DETAILED DESCRIPTION OF THE PREFERRED EMBODIMENTS OF THE
INVENTION
[0024] Referring now to the drawings, and more particularly to FIG.
1, there is shown a system level diagram that identifies the
computer resource based elements of the adaptive project risk
management system.
Its major elements include a dashboard (1-1) that allows resource
sharing and allocation across multiple projects and enables
monitoring and managing project/program/resource. A risk analyzer
(1-5) allows planning based on historical risk impact data and/or
expert opinion data. In the preferred embodiment, the risk analyzer
(1-5) allows for learning from the performances of completed
activities during project execution by providing a technique that
associates risk factors to specific activities and estimates their
impact on activity durations and costs.
[0025] The system also includes a project optimizer (1-2) and CPM
calculator (1-3).

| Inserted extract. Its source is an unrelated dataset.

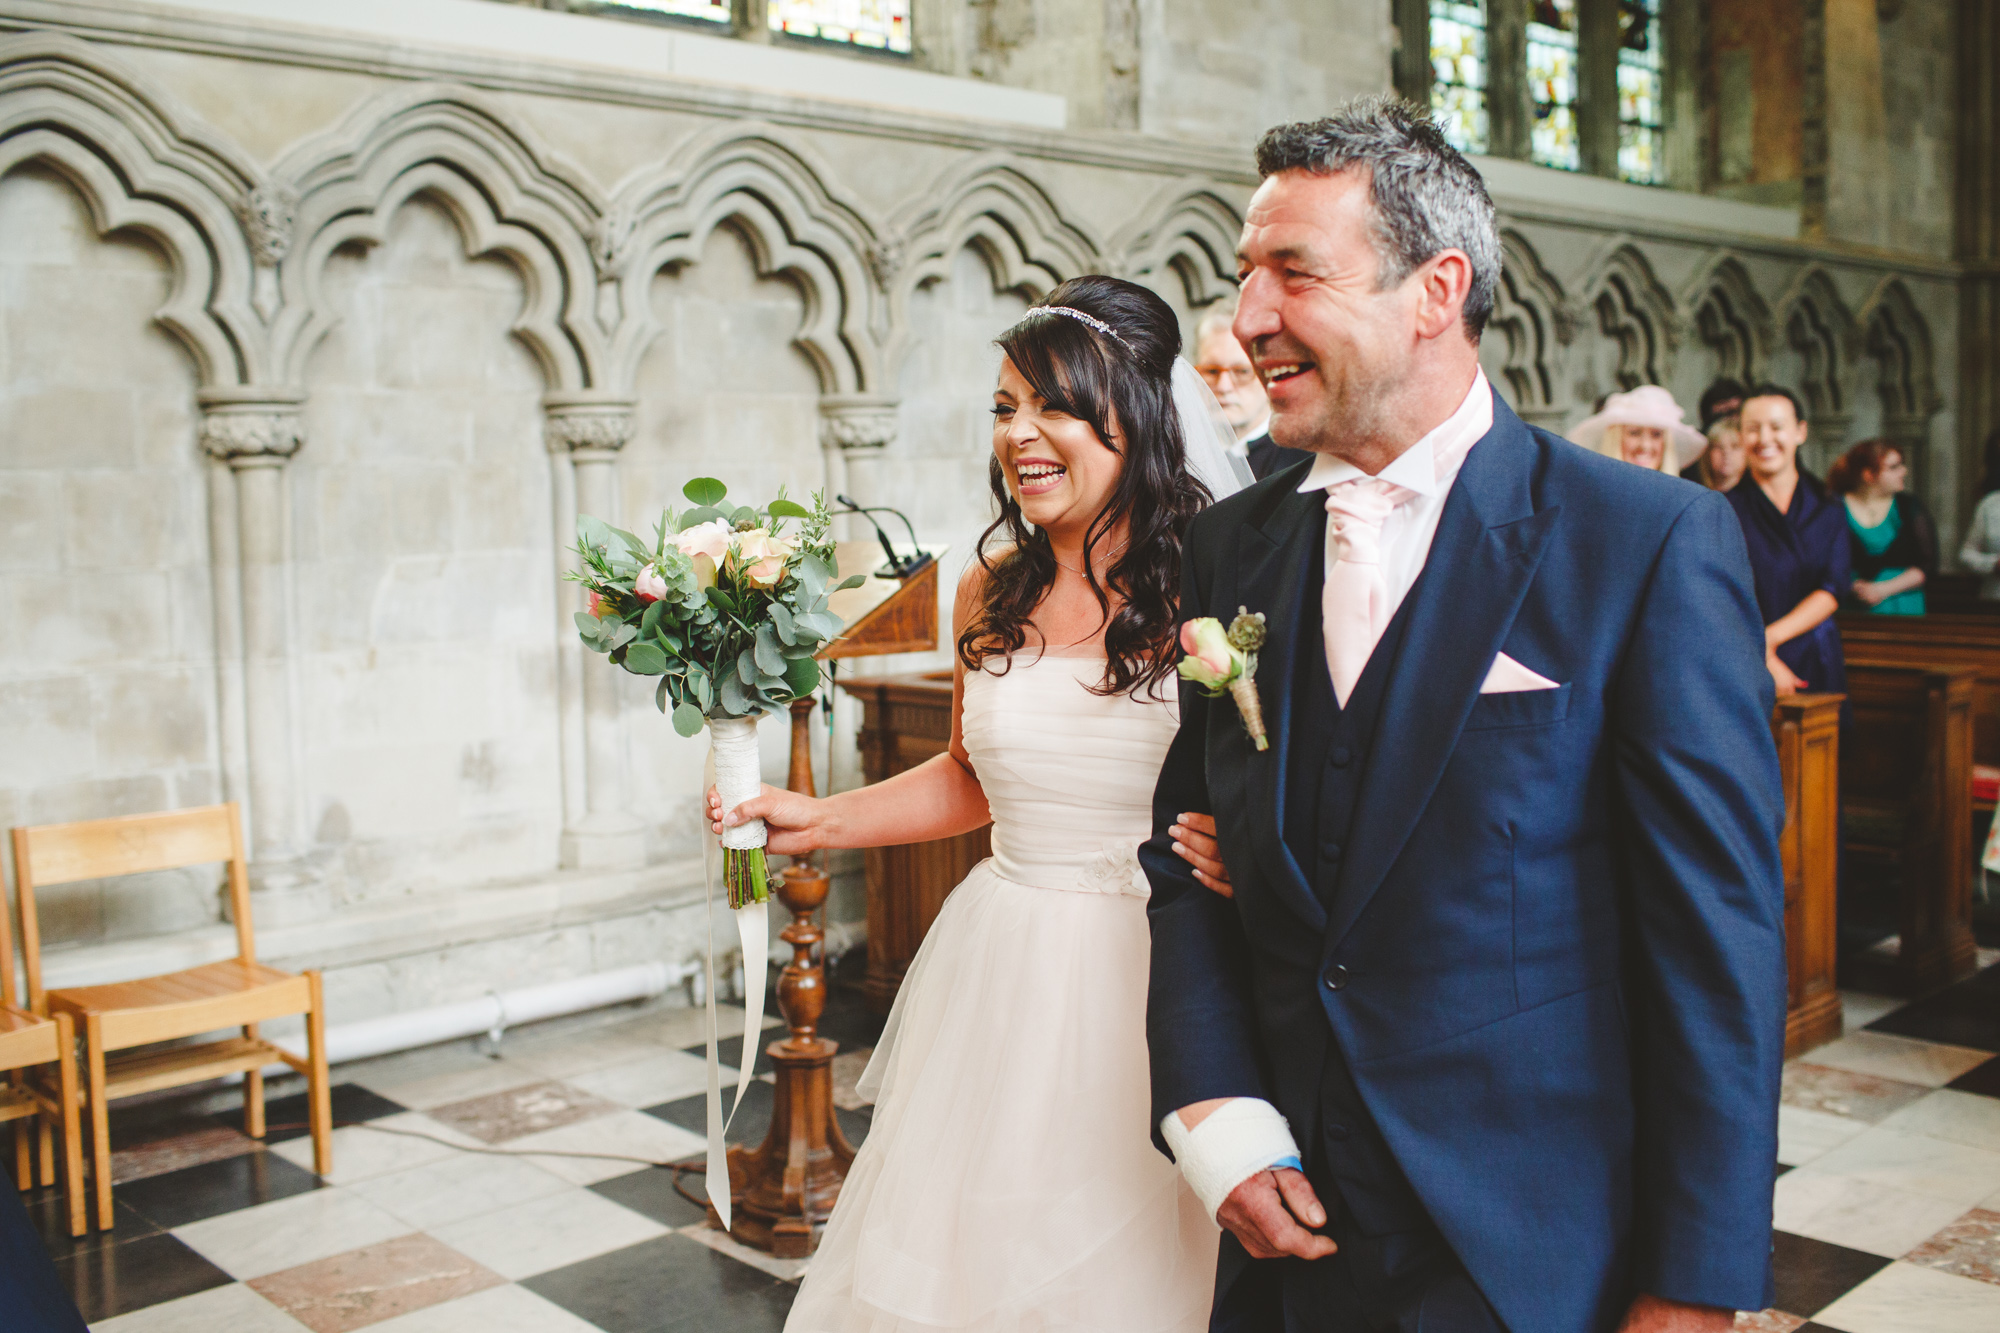 alternative-wedding-photographer-uk-camera-hannah-5.jpg

The CPM calculator (1-3) performs probabilistic
critical path method (CPM) calculations while the project optimizer
(1-2) performs project plan optimization through resource selection
and allocation. The project optimizer (1-2) calculates histograms,
probabilities, confidence intervals of durations, and costs for
activities and the projects. The historical project data (1-7)
keeps historical data of risk factors, activity durations, and
costs for a variety of projects which have been completed. The
historical project data (1-7) may be consulted to determine risk
factors and activities for a project that is about to be performed
or to assess the relative performance of an ongoing project. Expert
opinion data might be used as a substitute for or in addition to
historical project data (1-7). Finally, the service model (1-4)

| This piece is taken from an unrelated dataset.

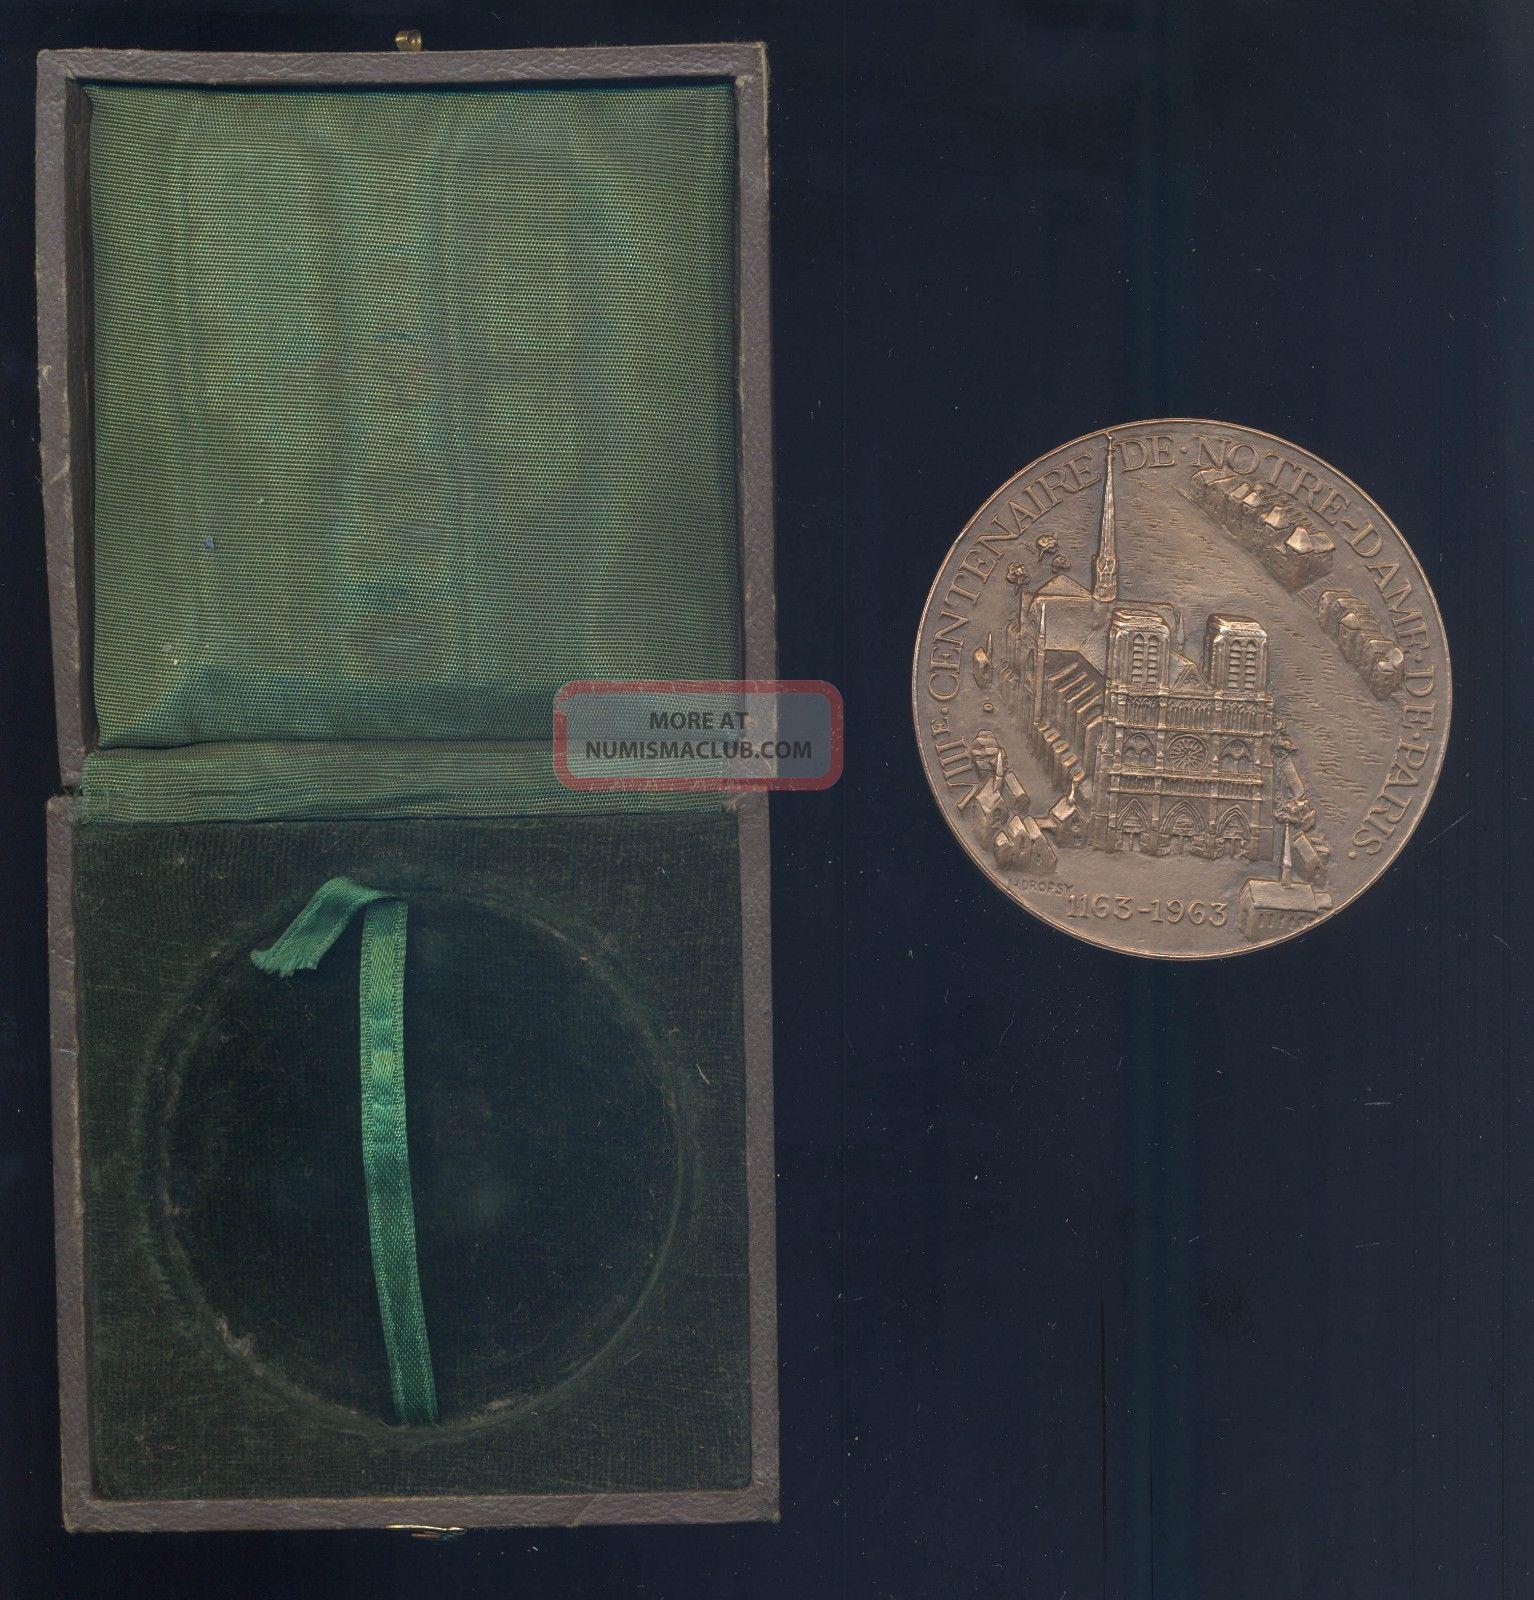 France Art Deco Notre Dame Paris Size Medal By Dropsy Christian Exonumia photo

provides alternative resource scenarios for each activity; provides
resource cost data, skill data, project plan data, activity status
data, activity risk; keeps output data; captures inputs and outputs
of all components; and integrates the interaction between the
components.
[0026] FIG. 2 is similar to FIG. 1 in that is contains all the same
elements. However, FIG. 2 shows an exemplary mechanism which
enables the system components to expand across multiple projects.
The dashboard (2-2) and dashboard (2-3) consolidate the interfaces
of each of the individual dashboards within the project/program
enclave (2-4) and project/program enclave (2-5), respectively.

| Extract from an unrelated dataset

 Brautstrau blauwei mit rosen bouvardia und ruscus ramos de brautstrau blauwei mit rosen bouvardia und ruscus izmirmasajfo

Program status dashboard (2-1) provides the integration interface
among the various enclaves. In this instance, enclaves can be
thought of as different divisions within a corporate entity and the
program status dashboard (2-1) would provide the integration and
communication across the entire enterprise to link resources in
various divisions. Those skilled in the art will understand that
this is a simplification of the multiple project situation and many
other configurations for accommodating relationships between
concurrent projects are possible.
[0027] Turning now to FIG. 3, an exemplary process which is
implemented by a computer for project risk management is described.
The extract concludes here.